Where a picture shows up in the listing below, omit it and output the rest exactly.

-- DATASET SECTION --
+++++

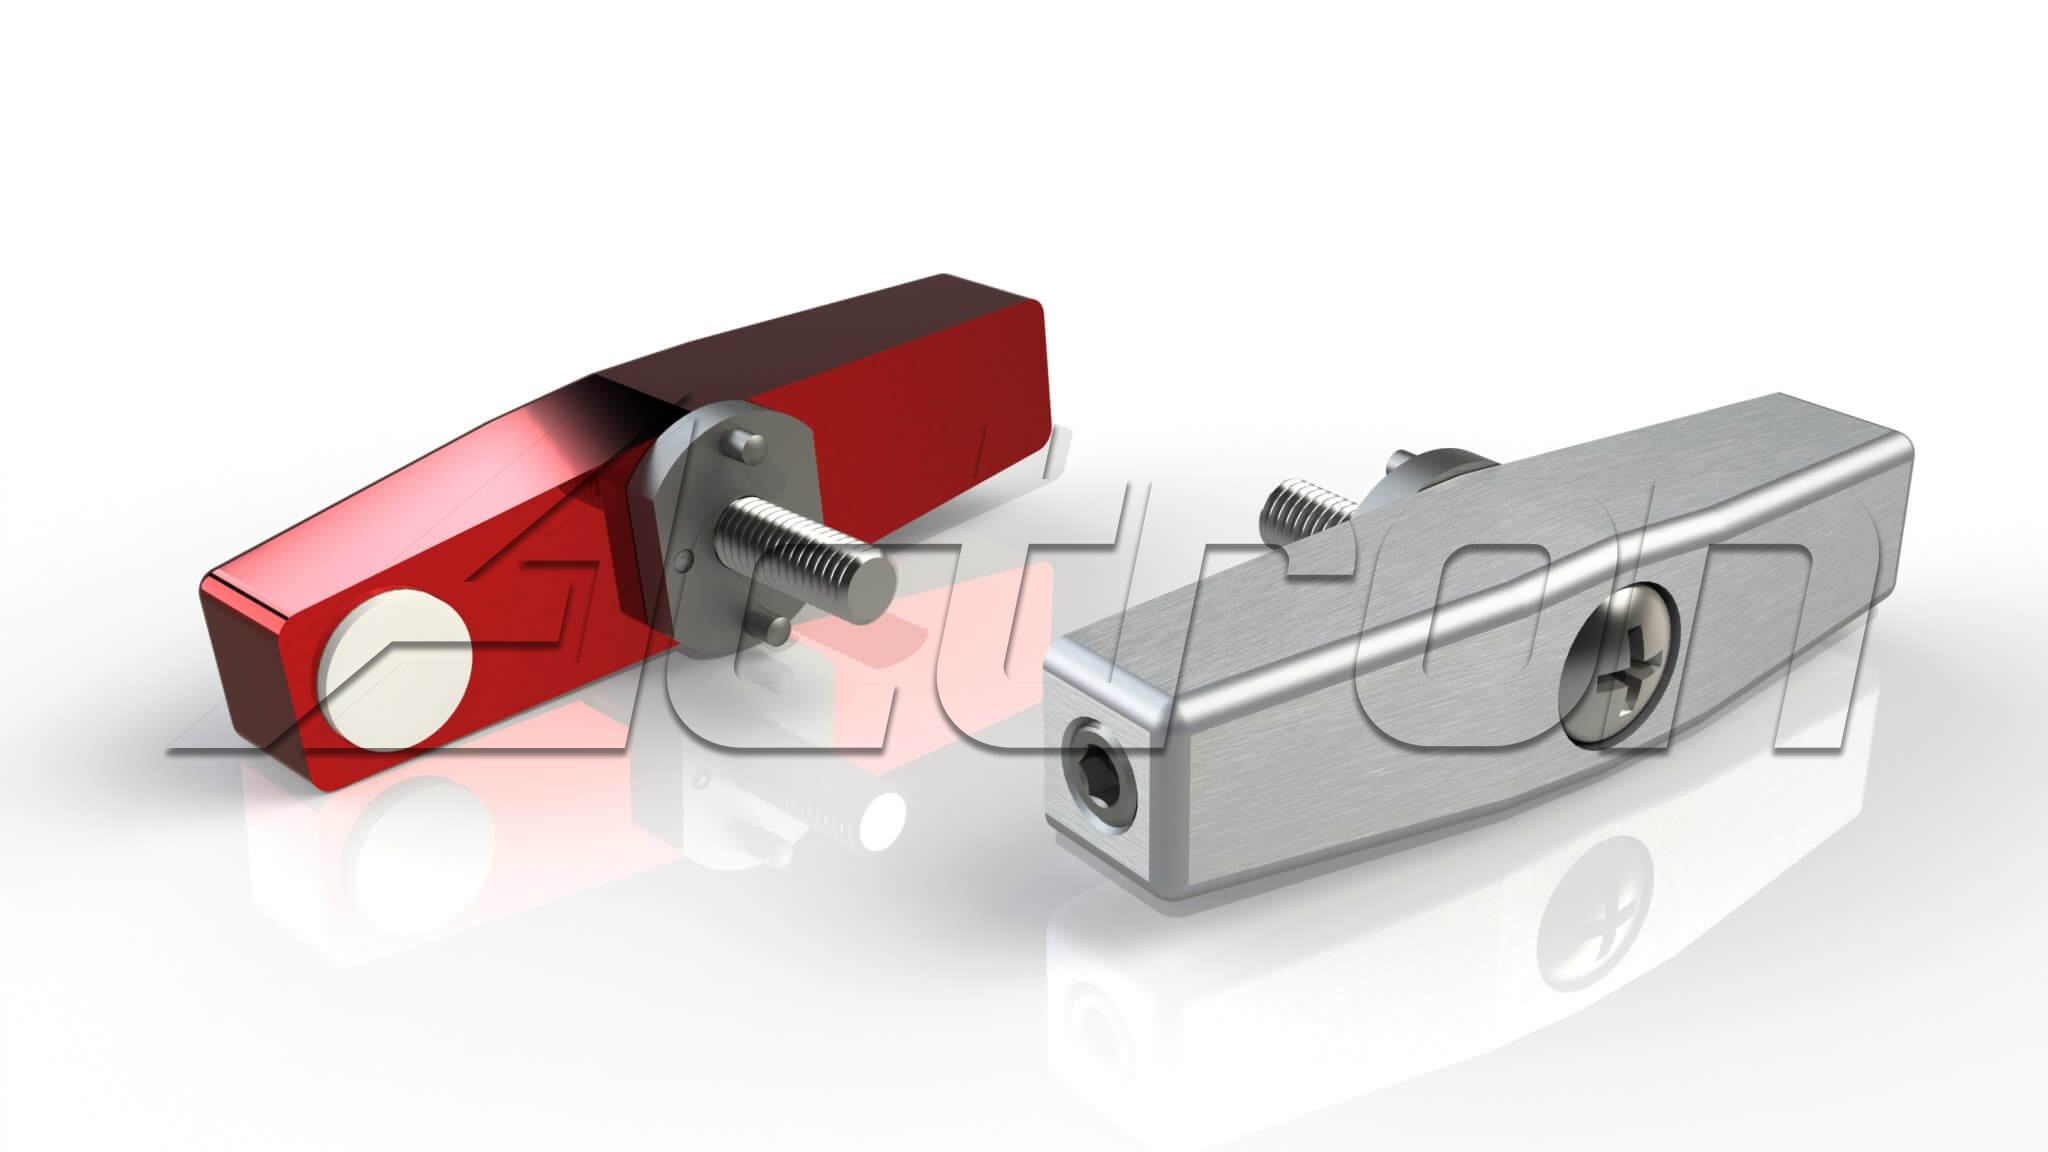 1-4-turn-retainer-4851-a35627.jpg
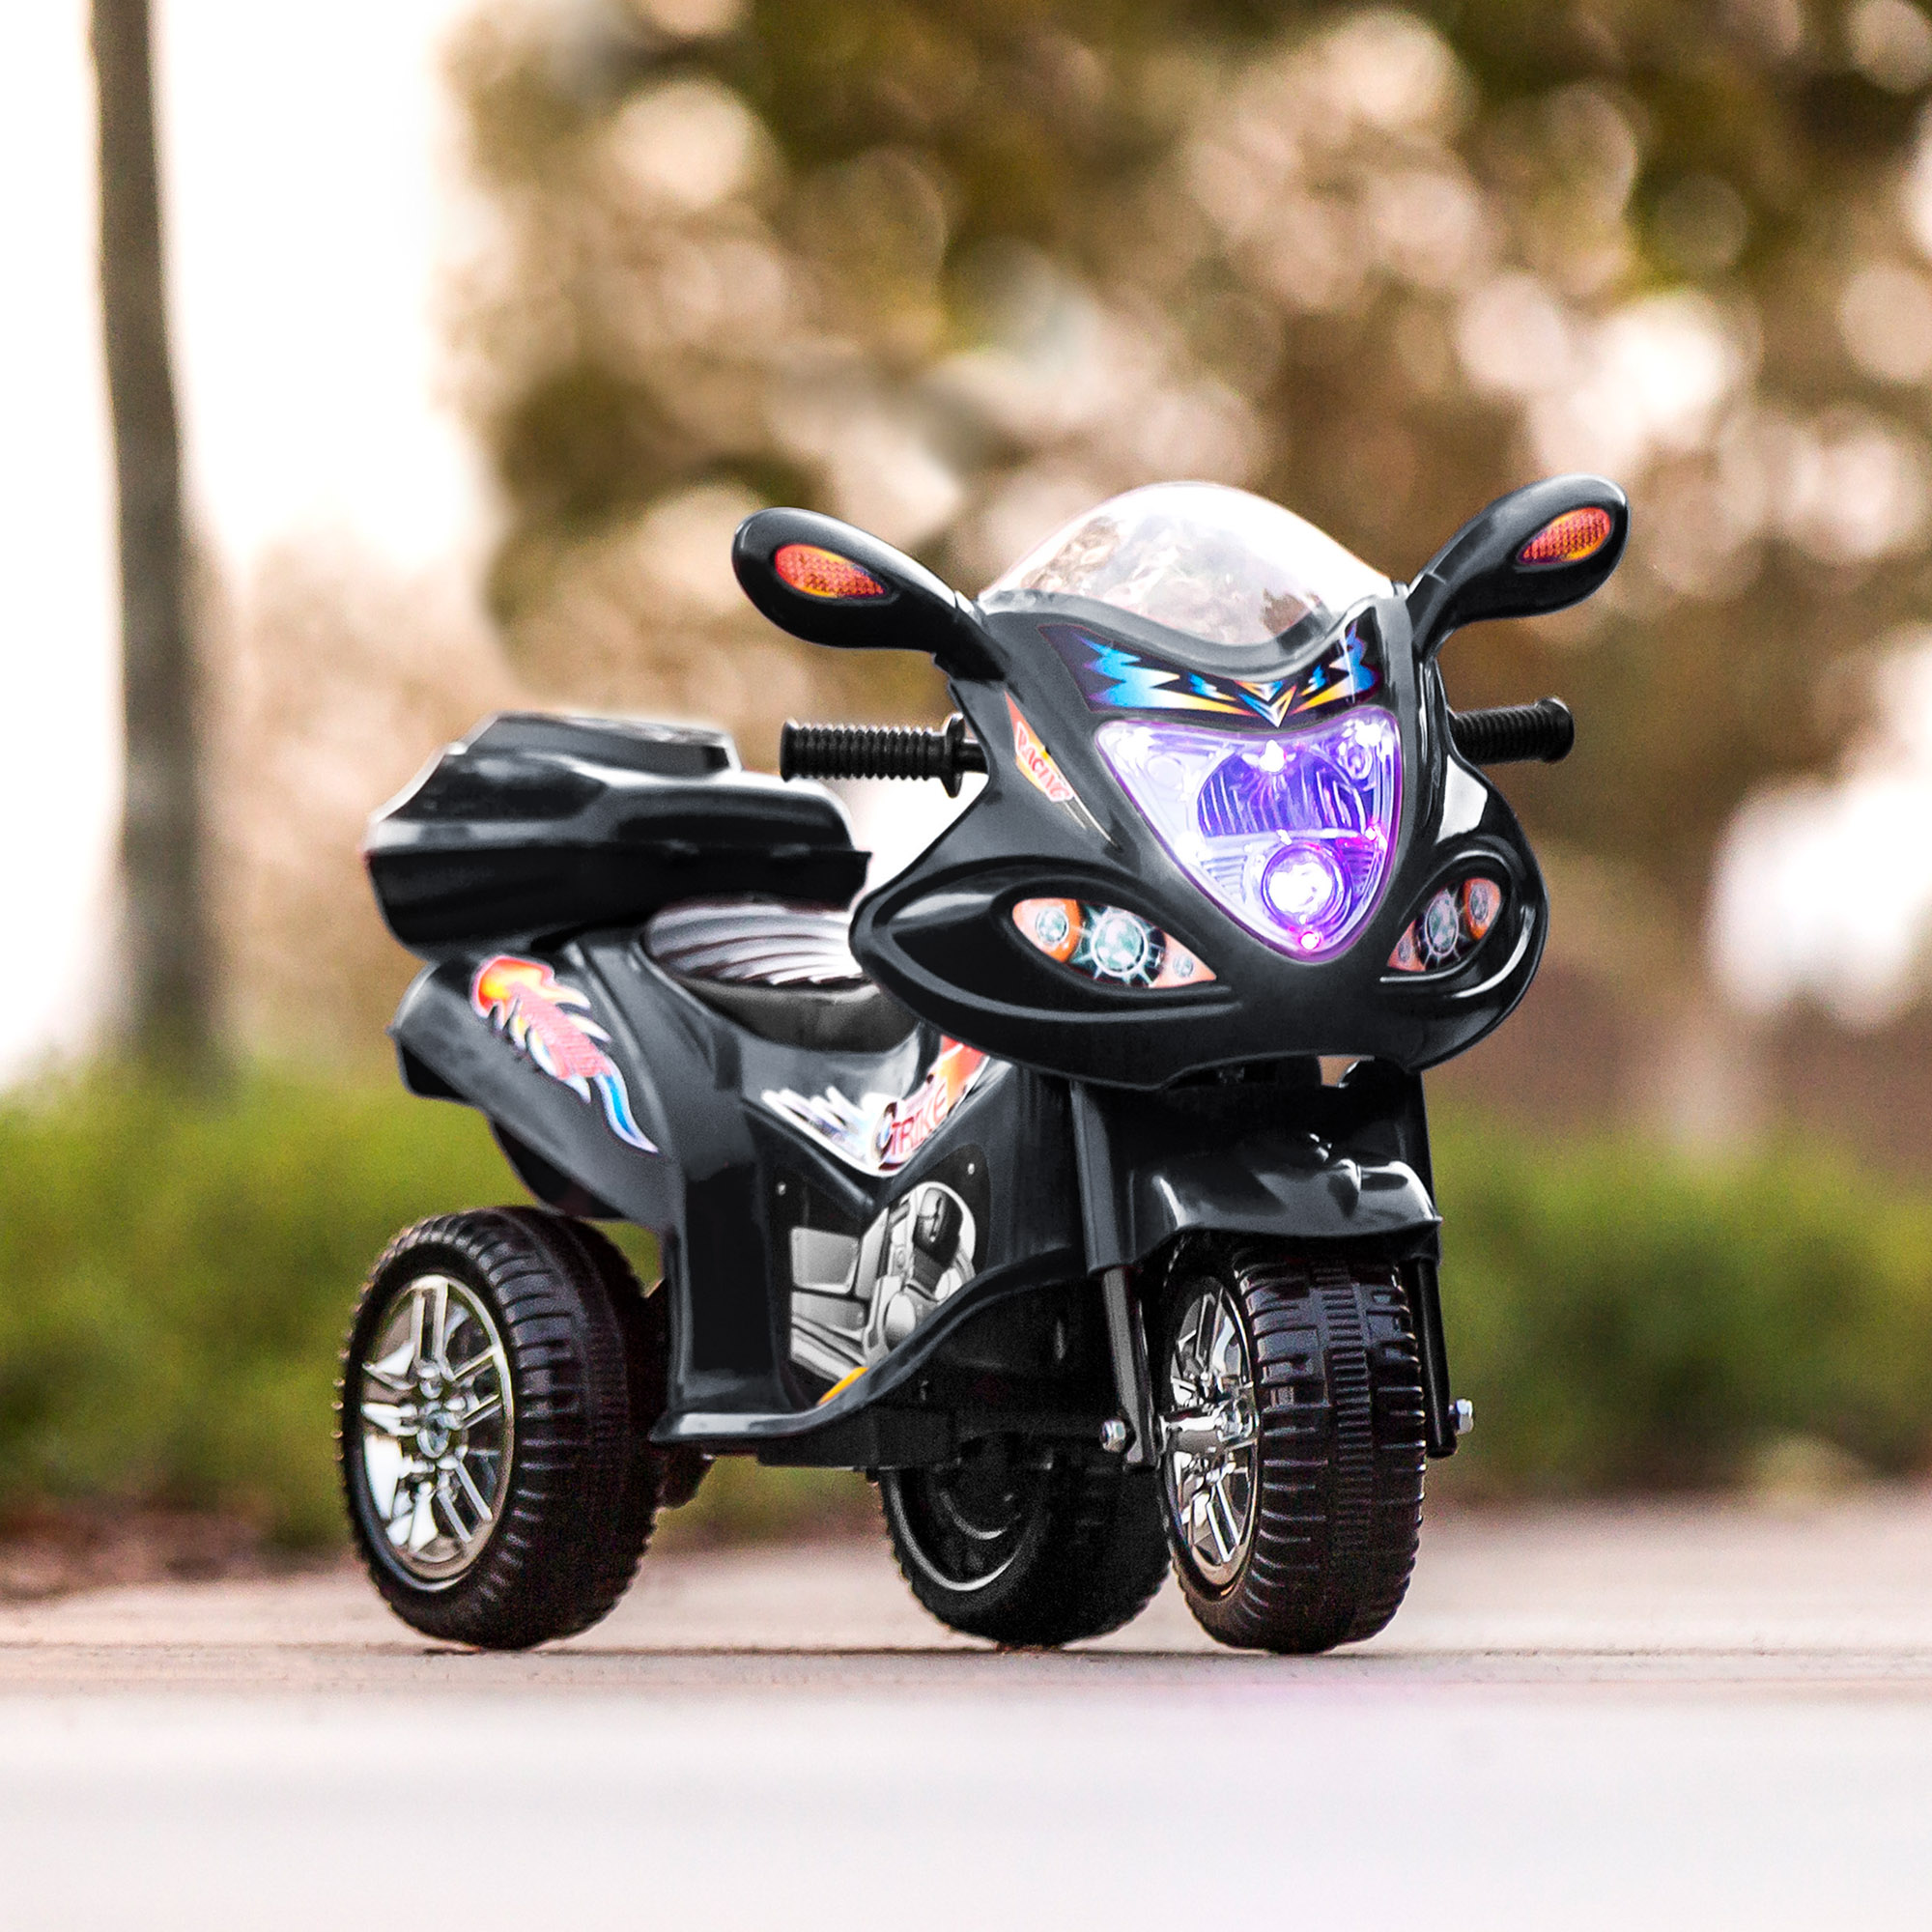 BCP-6V-Kids-3-Wheel-Motorcycle-Ride-On-Toy-w-LED-Lights-Music-Storage thumbnail 8
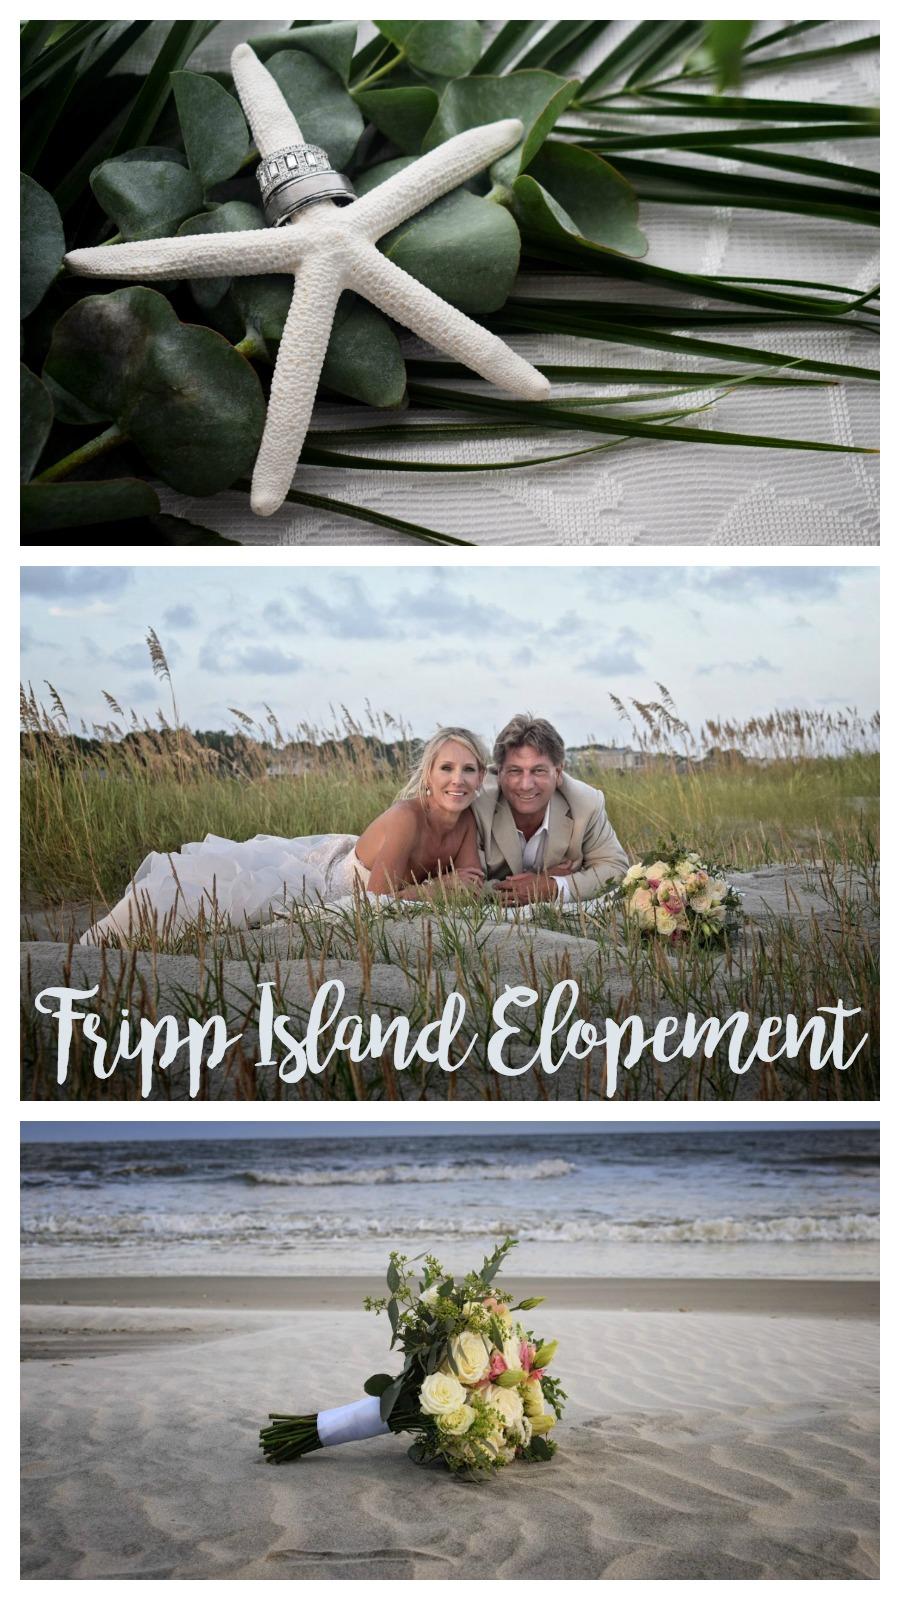 Marian and Jeff: Oceanfront Fripp Island Elopement | Palmetto State Weddings | Dandelion Weddings Photography | South Carolina beach wedding | casual beach wedding inspiration
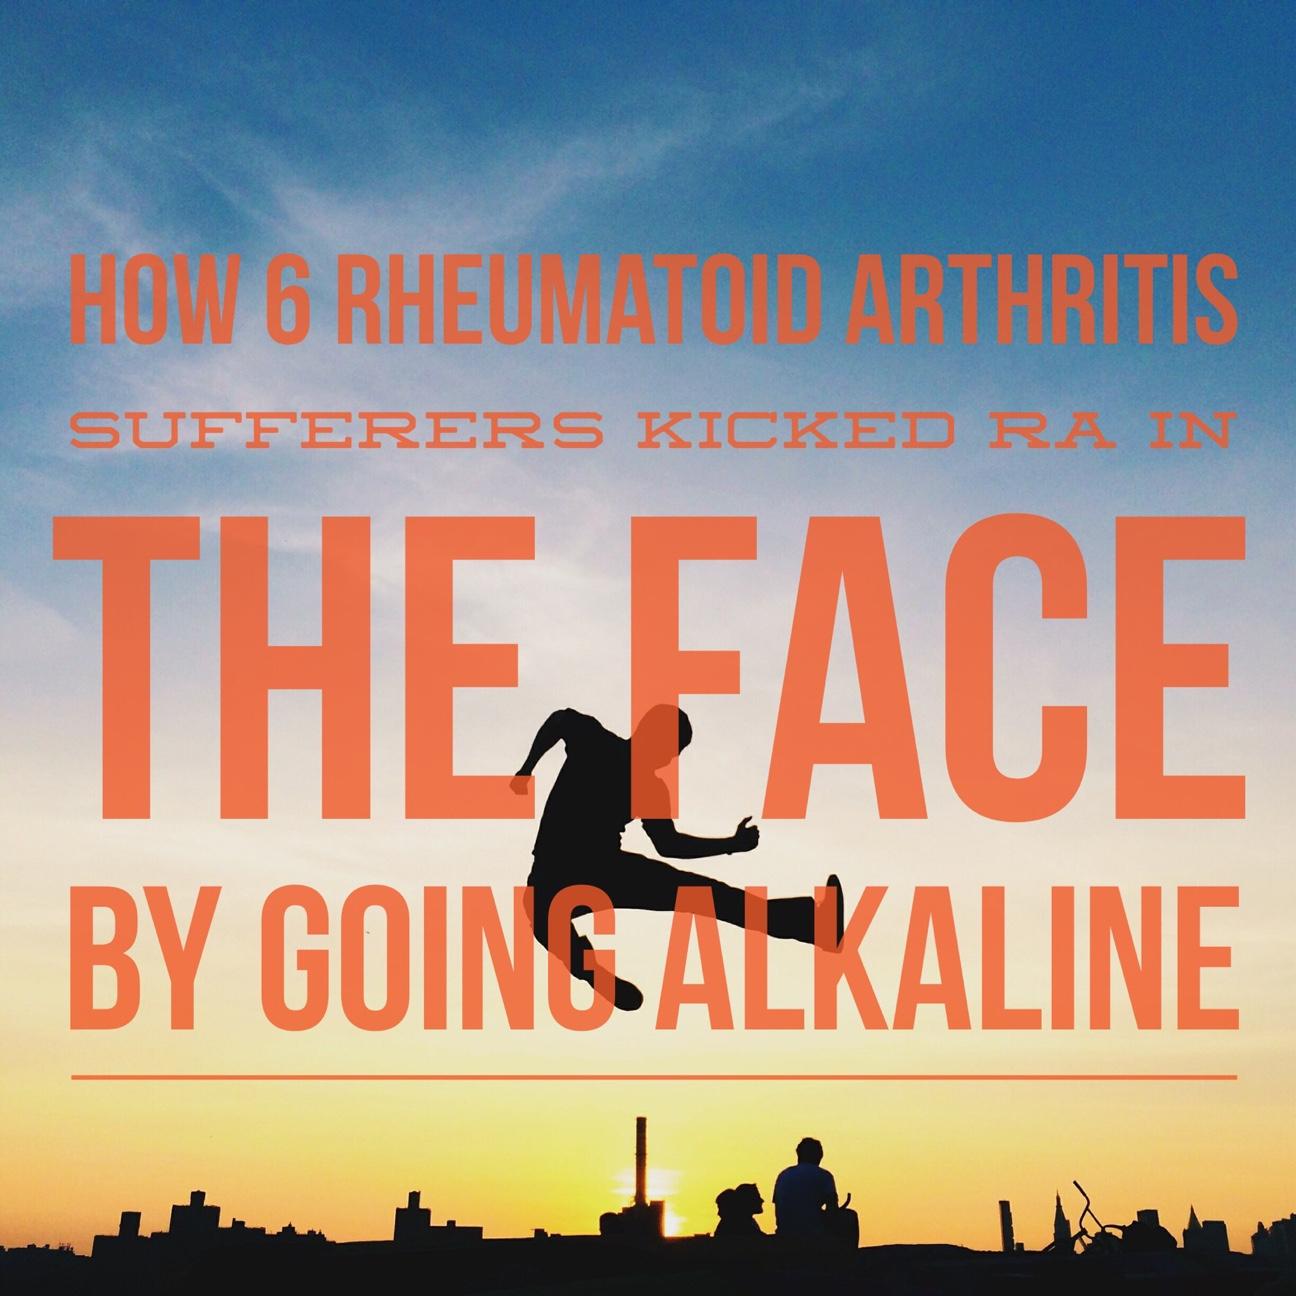 alkaline diet rheumatoid arthritis

+++++

-- SOLVED PROBLEM --
 1-4-turn-retainer-4851-a35627.jpg
 BCP-6V-Kids-3-Wheel-Motorcycle-Ride-On-Toy-w-LED-Lights-Music-Storage thumbnail 8
 Marian and Jeff: Oceanfront Fripp Island Elopement | Palmetto State Weddings | Dandelion Weddings Photography | South Carolina beach wedding | casual beach wedding inspiration
 alkaline diet rheumatoid arthritis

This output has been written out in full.